Task description:
Count the lines of data below that include "Furniture". Provide only the number.

Records for the exercise:
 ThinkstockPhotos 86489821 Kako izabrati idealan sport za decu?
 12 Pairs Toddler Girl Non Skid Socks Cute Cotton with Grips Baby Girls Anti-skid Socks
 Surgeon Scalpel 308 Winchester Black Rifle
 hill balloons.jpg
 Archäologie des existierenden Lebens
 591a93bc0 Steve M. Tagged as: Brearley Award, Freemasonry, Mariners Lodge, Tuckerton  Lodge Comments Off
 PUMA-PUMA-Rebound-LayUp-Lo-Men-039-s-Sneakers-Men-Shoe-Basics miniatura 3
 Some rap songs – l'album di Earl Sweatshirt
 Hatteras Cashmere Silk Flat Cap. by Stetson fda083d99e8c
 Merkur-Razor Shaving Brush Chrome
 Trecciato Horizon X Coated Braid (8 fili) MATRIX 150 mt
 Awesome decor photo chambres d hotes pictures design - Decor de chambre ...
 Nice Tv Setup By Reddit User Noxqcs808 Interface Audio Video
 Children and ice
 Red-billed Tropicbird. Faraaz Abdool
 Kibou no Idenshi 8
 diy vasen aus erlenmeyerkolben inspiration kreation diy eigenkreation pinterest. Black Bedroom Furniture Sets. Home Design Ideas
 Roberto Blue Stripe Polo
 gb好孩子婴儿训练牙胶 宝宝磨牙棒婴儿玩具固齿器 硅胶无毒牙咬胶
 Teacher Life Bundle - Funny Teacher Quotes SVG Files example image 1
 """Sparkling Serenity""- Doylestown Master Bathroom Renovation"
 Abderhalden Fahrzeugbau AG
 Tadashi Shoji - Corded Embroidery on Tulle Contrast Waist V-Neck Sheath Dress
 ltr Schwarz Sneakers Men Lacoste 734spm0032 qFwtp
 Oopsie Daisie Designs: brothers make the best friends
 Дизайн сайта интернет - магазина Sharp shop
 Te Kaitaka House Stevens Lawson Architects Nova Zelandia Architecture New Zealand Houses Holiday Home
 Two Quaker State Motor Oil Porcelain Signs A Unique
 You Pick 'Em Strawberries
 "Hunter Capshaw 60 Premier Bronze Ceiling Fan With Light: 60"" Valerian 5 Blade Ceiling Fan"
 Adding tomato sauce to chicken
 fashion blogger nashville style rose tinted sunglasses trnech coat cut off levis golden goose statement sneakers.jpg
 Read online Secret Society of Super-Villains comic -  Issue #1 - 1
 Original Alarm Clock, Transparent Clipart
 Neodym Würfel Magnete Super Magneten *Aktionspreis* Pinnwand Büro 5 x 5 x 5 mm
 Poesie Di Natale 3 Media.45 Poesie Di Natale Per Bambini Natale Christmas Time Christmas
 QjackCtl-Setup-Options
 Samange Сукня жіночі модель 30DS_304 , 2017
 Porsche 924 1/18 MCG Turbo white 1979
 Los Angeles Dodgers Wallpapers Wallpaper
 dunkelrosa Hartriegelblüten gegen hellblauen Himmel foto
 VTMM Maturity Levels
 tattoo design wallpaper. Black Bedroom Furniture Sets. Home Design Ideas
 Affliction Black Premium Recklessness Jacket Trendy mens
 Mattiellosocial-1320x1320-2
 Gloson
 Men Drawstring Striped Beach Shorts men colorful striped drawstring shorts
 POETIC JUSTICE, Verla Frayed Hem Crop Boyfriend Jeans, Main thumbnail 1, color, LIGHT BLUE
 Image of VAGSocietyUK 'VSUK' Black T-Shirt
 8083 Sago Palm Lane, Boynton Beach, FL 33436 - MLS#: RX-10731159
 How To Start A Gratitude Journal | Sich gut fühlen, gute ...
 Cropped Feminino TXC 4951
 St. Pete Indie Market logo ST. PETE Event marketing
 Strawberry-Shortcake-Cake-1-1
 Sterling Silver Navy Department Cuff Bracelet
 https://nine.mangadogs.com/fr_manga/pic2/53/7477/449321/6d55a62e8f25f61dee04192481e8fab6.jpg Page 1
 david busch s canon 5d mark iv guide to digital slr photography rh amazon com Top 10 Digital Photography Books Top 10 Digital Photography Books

Response:
2